### RECORD SET
□ □ □ □ □
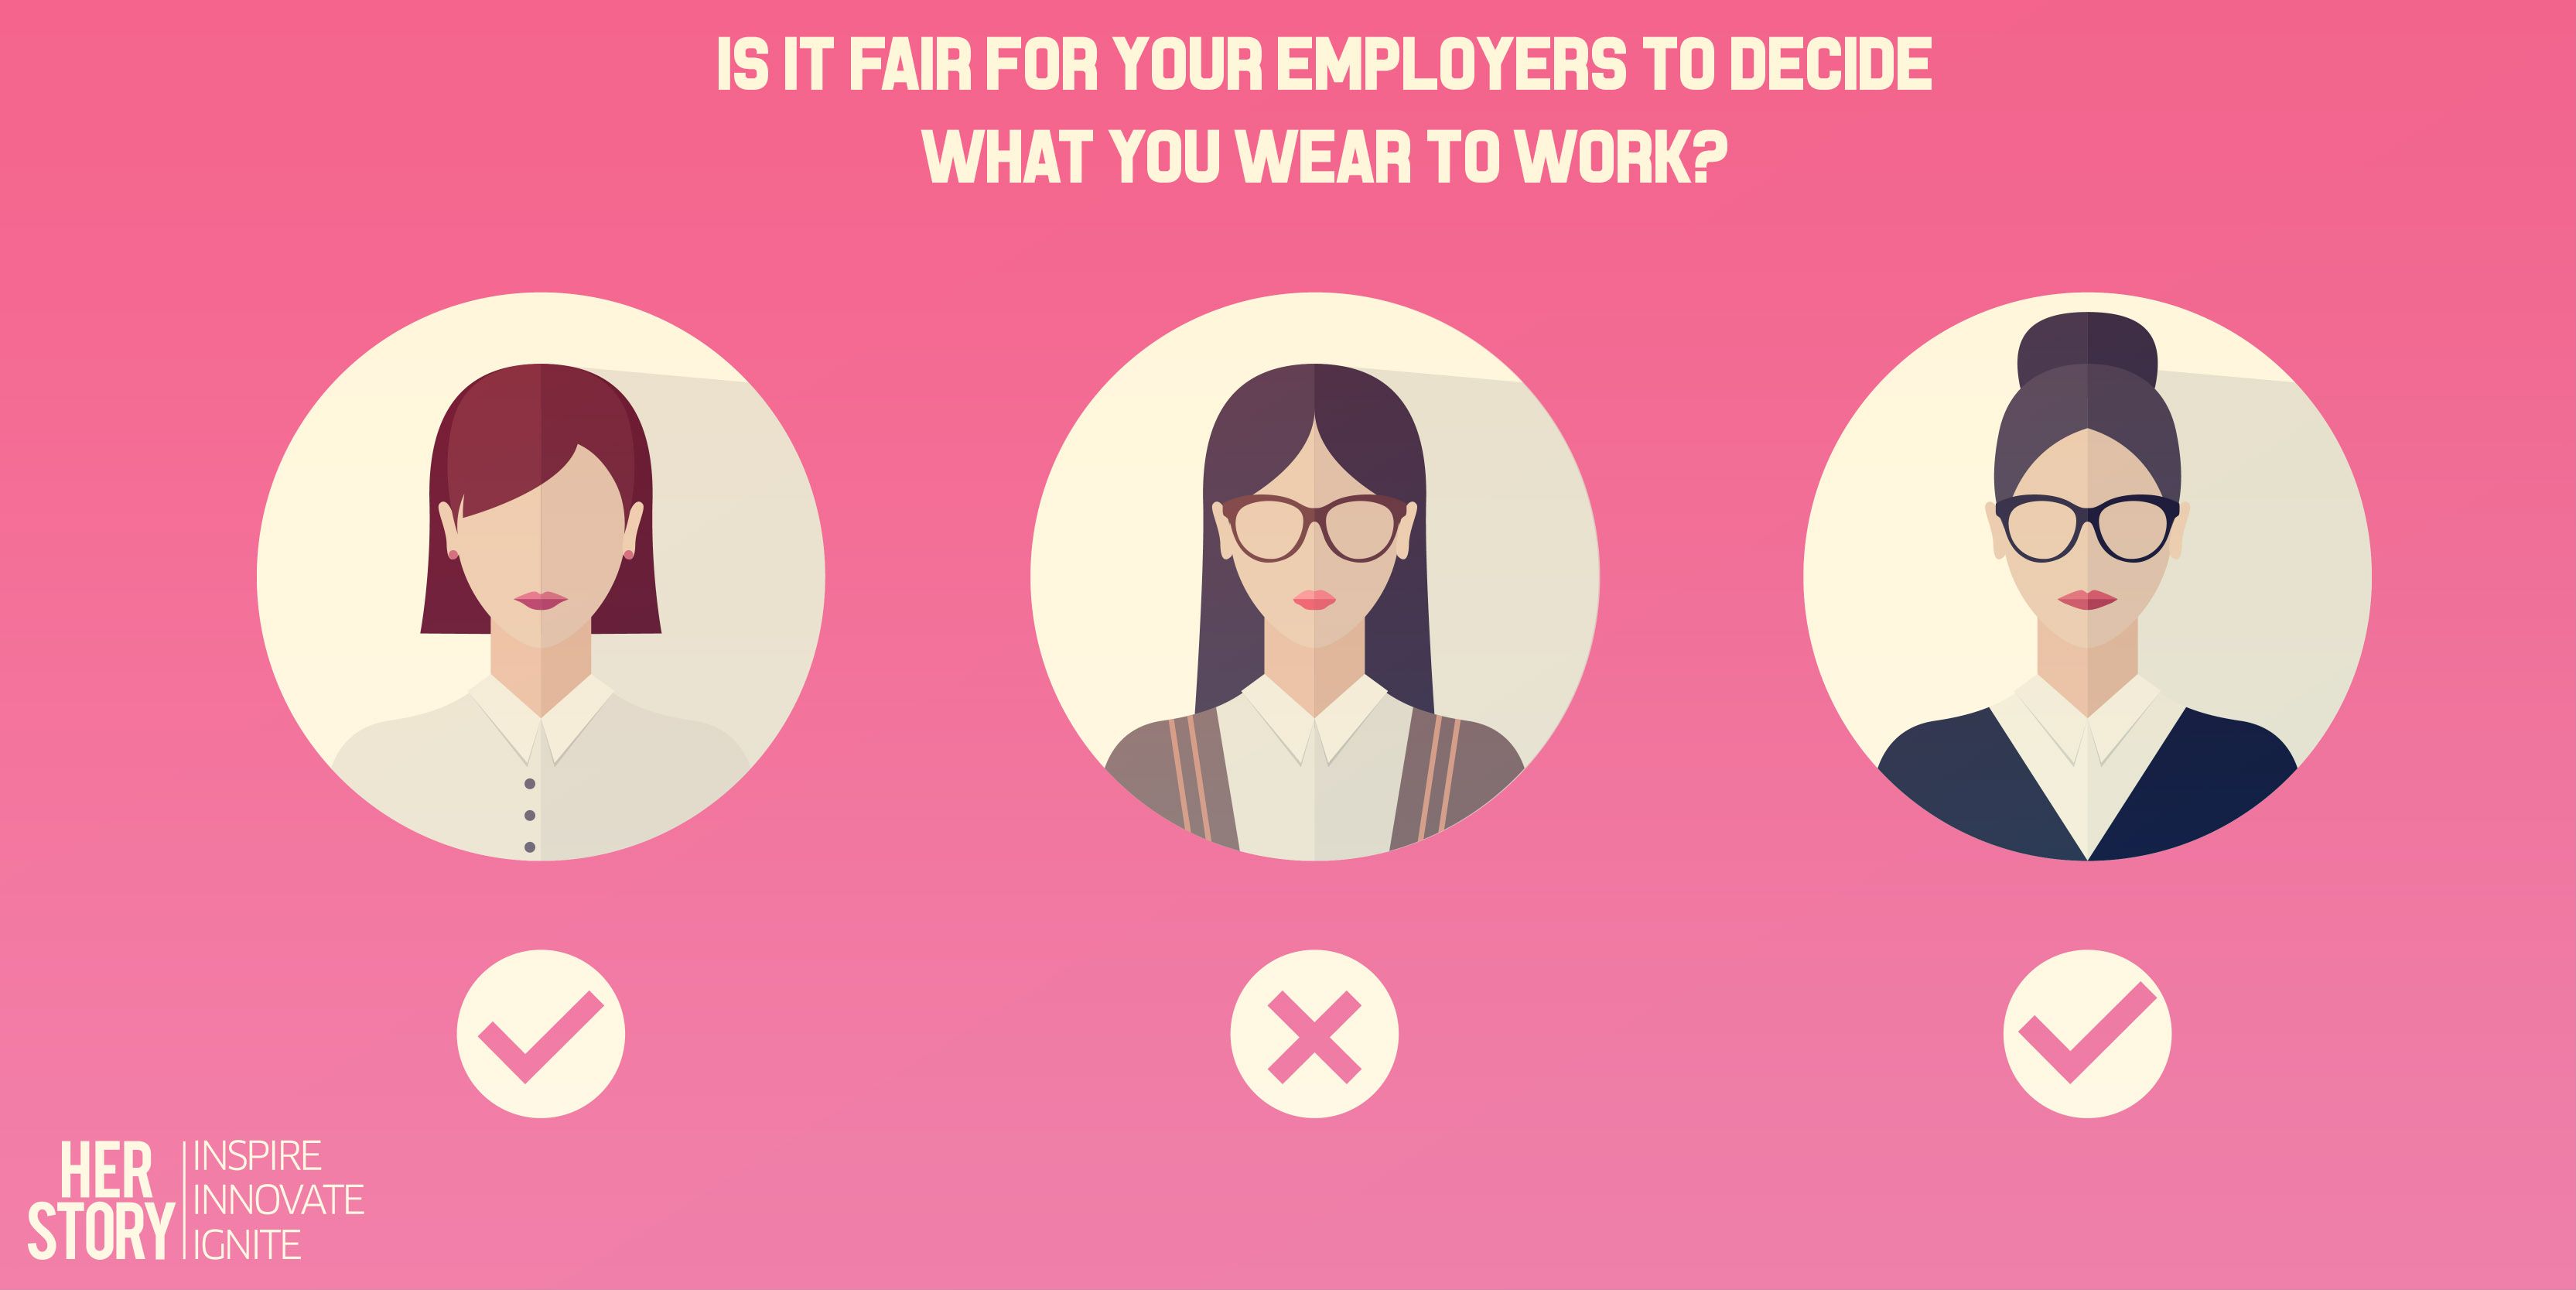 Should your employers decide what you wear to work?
□ □ □ □ □
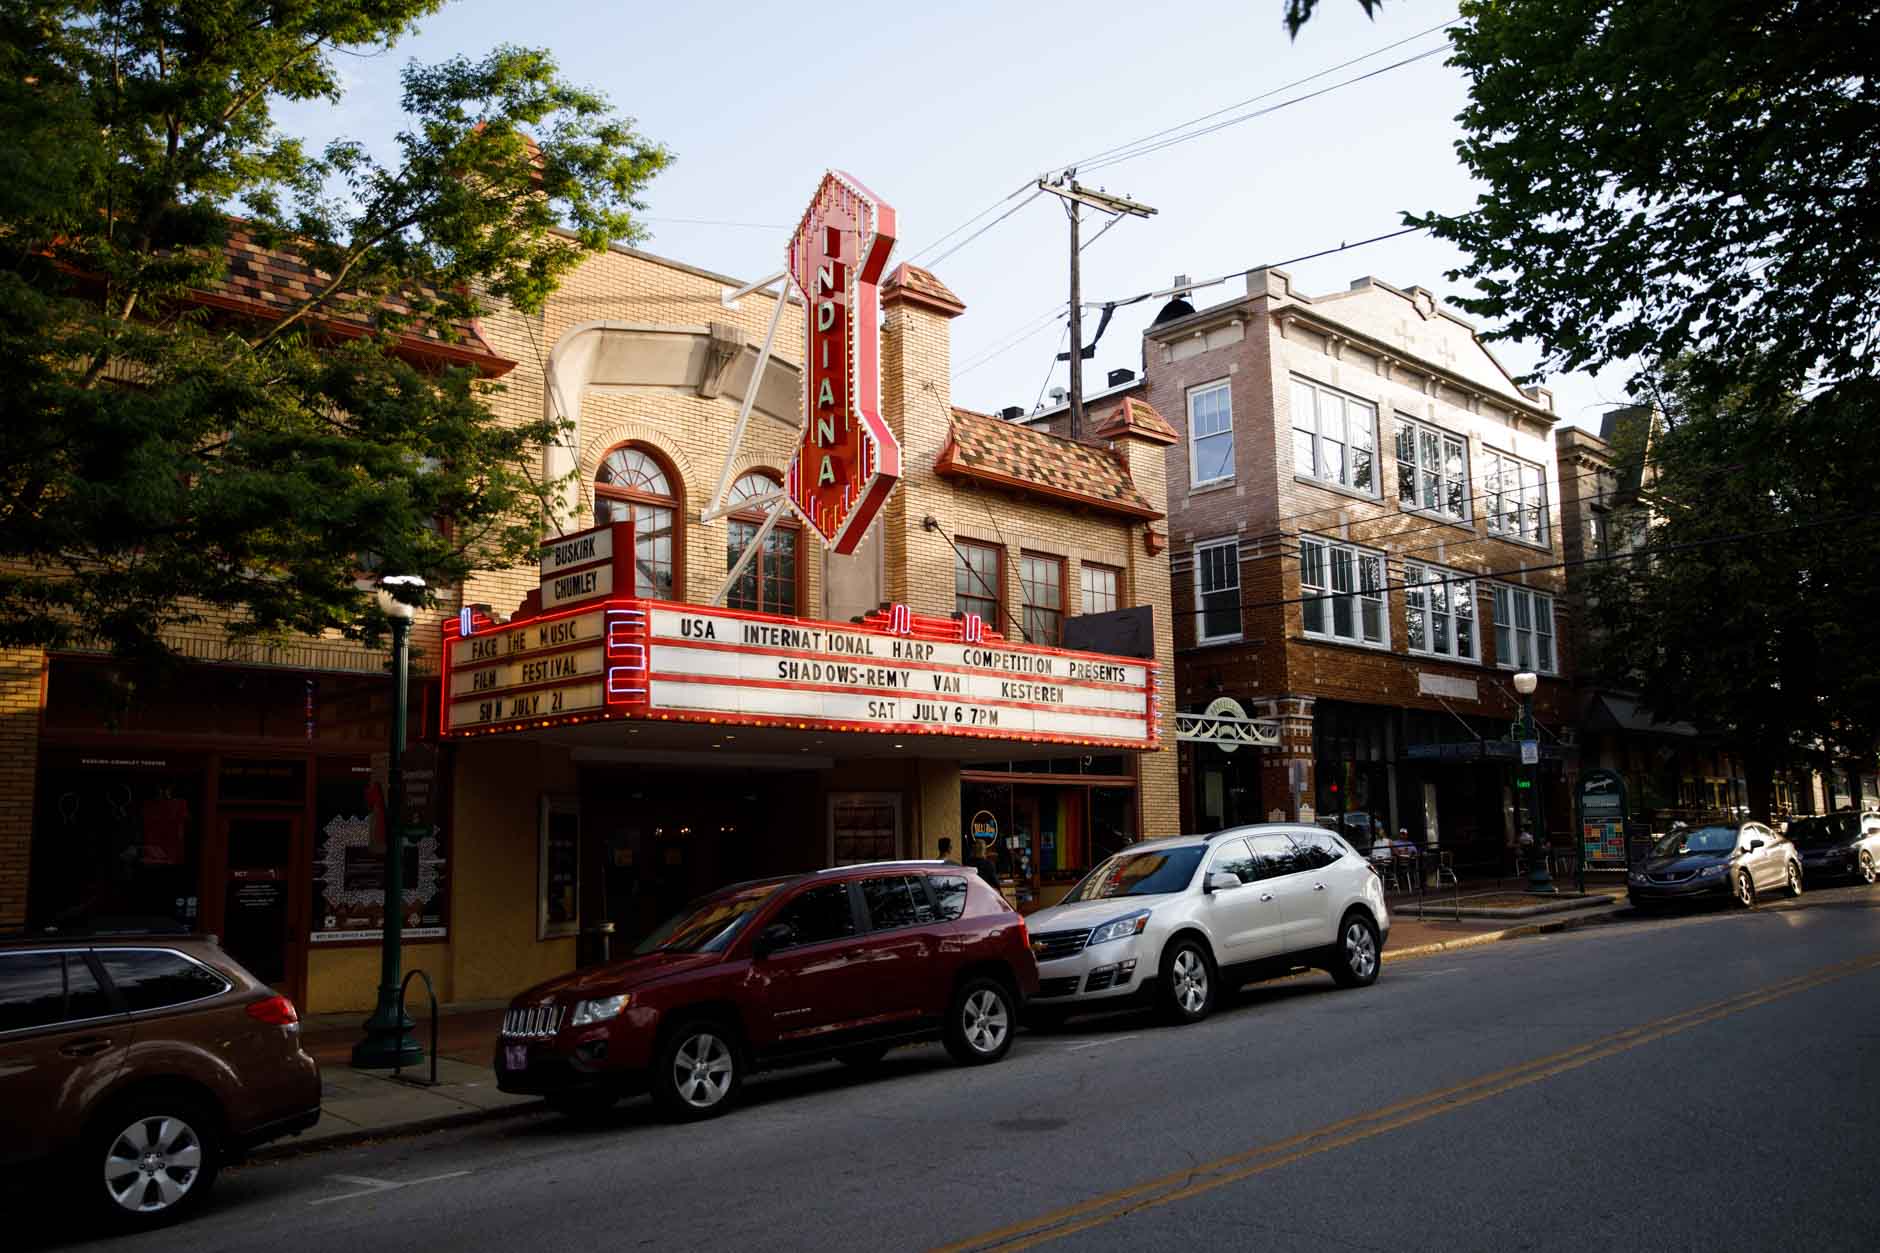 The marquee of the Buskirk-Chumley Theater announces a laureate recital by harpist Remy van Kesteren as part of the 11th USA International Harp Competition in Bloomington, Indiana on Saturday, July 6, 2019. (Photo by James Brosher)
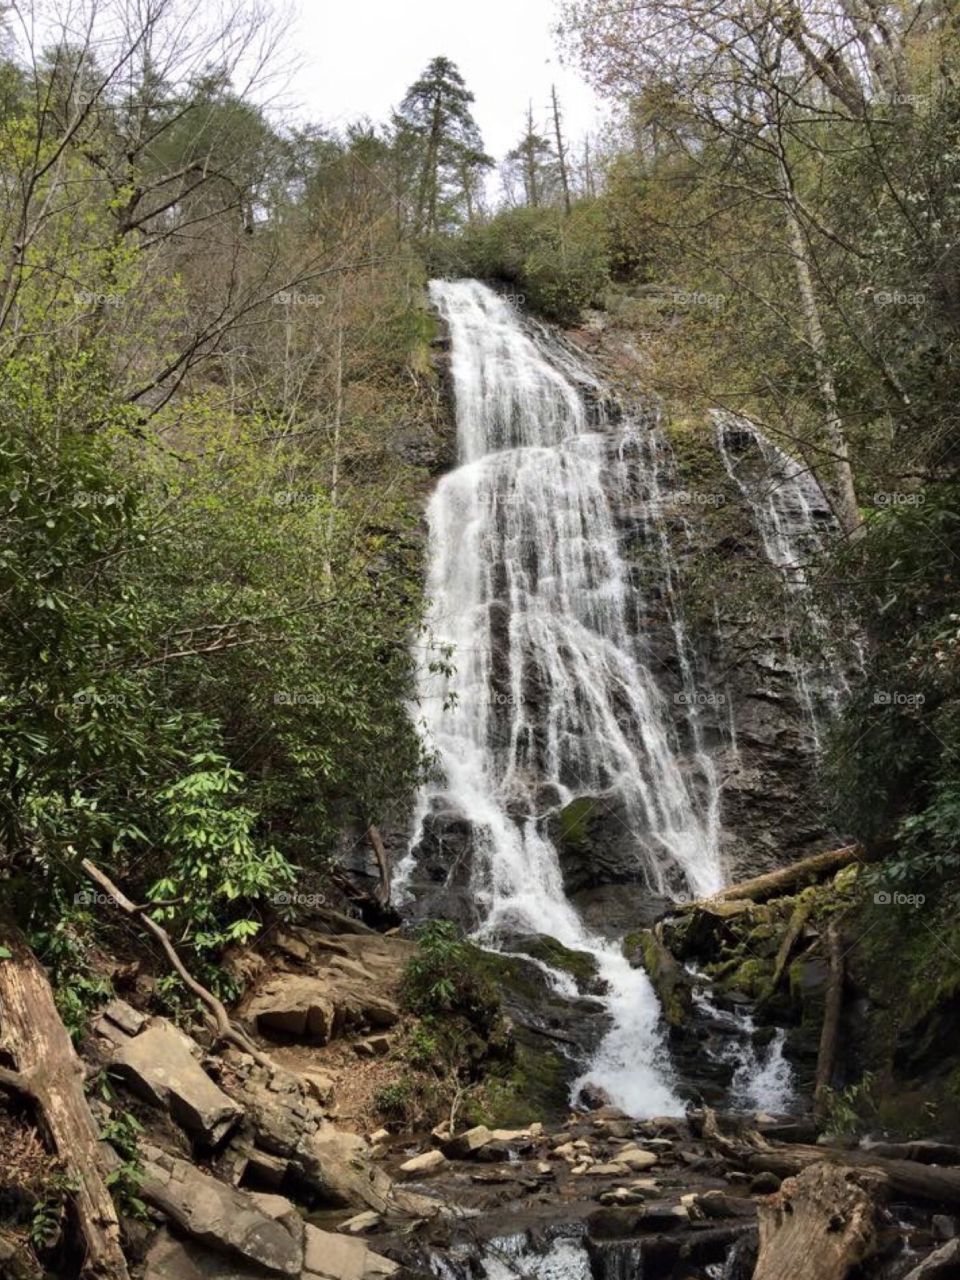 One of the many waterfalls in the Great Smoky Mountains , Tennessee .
□ □ □ □ □
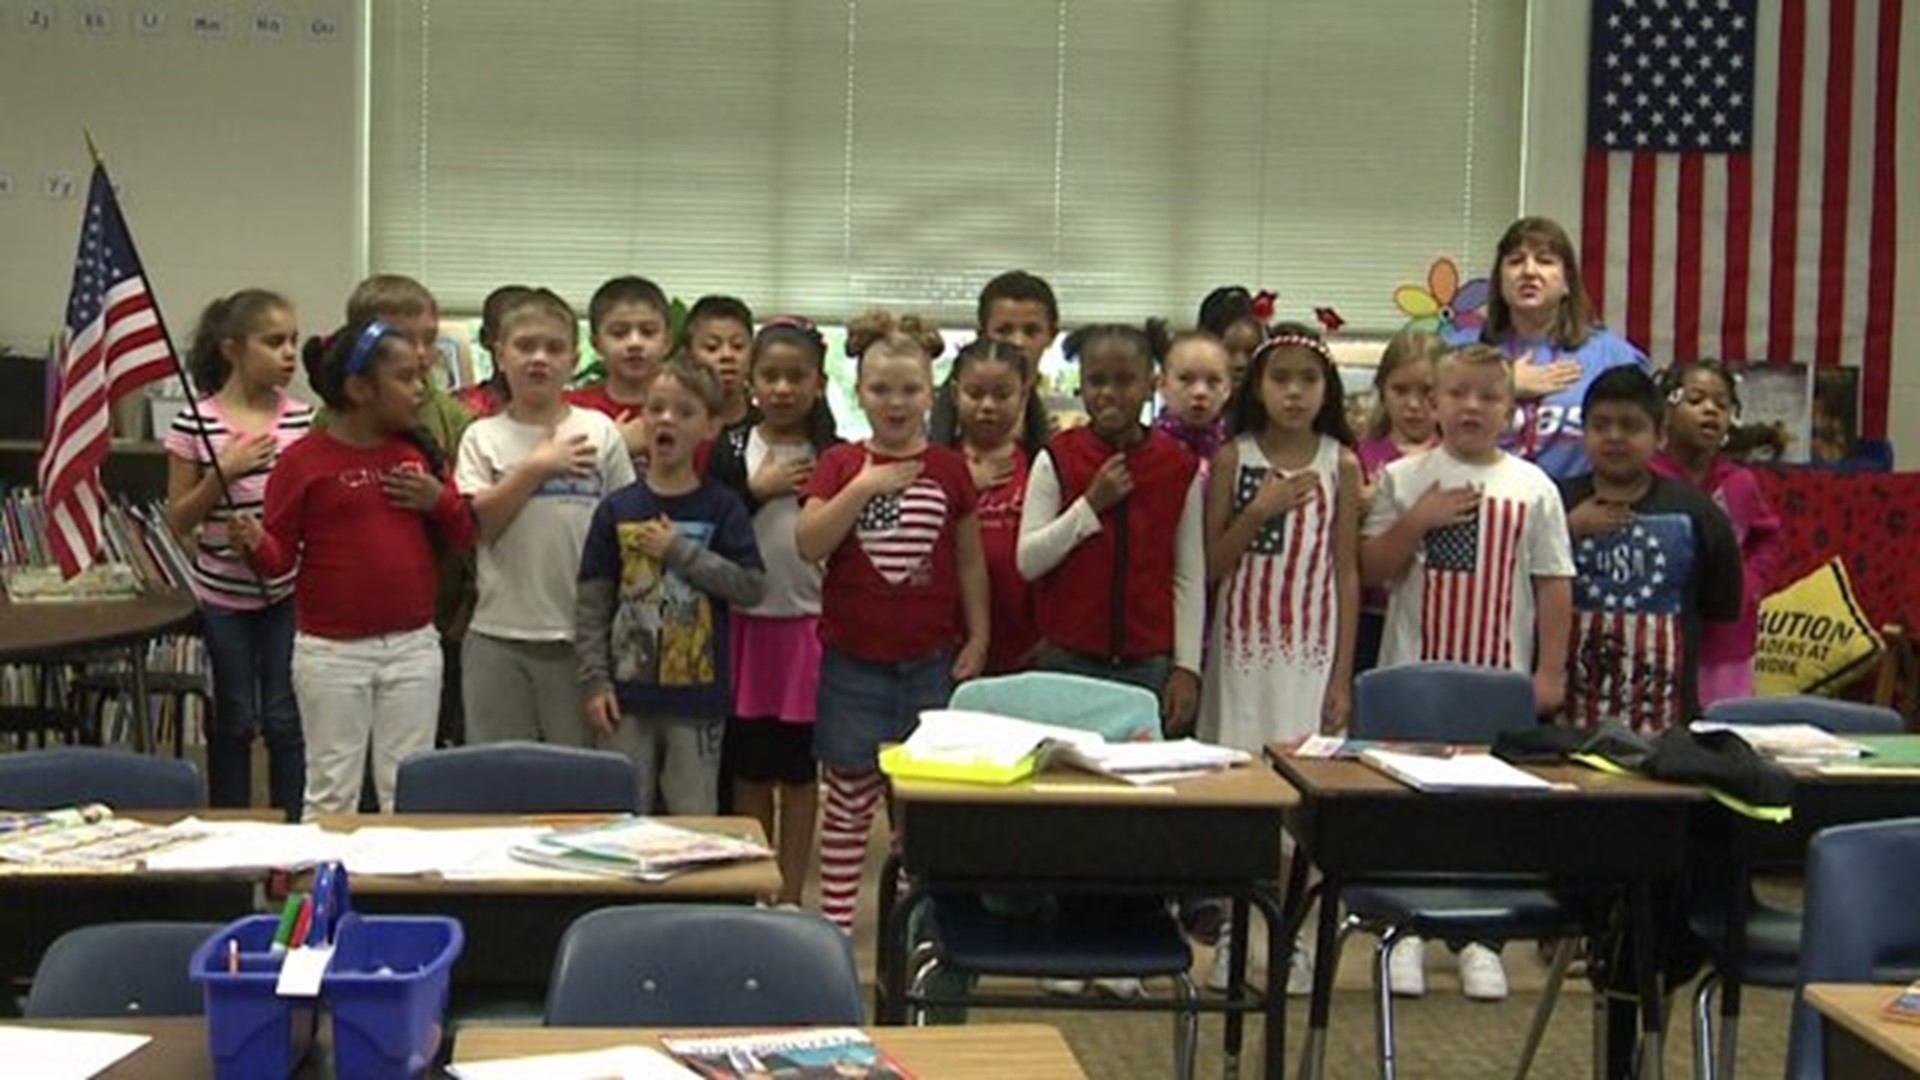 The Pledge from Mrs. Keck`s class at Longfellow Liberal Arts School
□ □ □ □ □
### INSTRUCTIONS TO FOLLOW
From the listing above, repeat only the lines between the line containing "The marquee of" and the line containing "One of the many", those two included. Pictures are not part of the copy.

### RESPONSE TO THE EXERCISE
 The marquee of the Buskirk-Chumley Theater announces a laureate recital by harpist Remy van Kesteren as part of the 11th USA International Harp Competition in Bloomington, Indiana on Saturday, July 6, 2019. (Photo by James Brosher)
 One of the many waterfalls in the Great Smoky Mountains , Tennessee .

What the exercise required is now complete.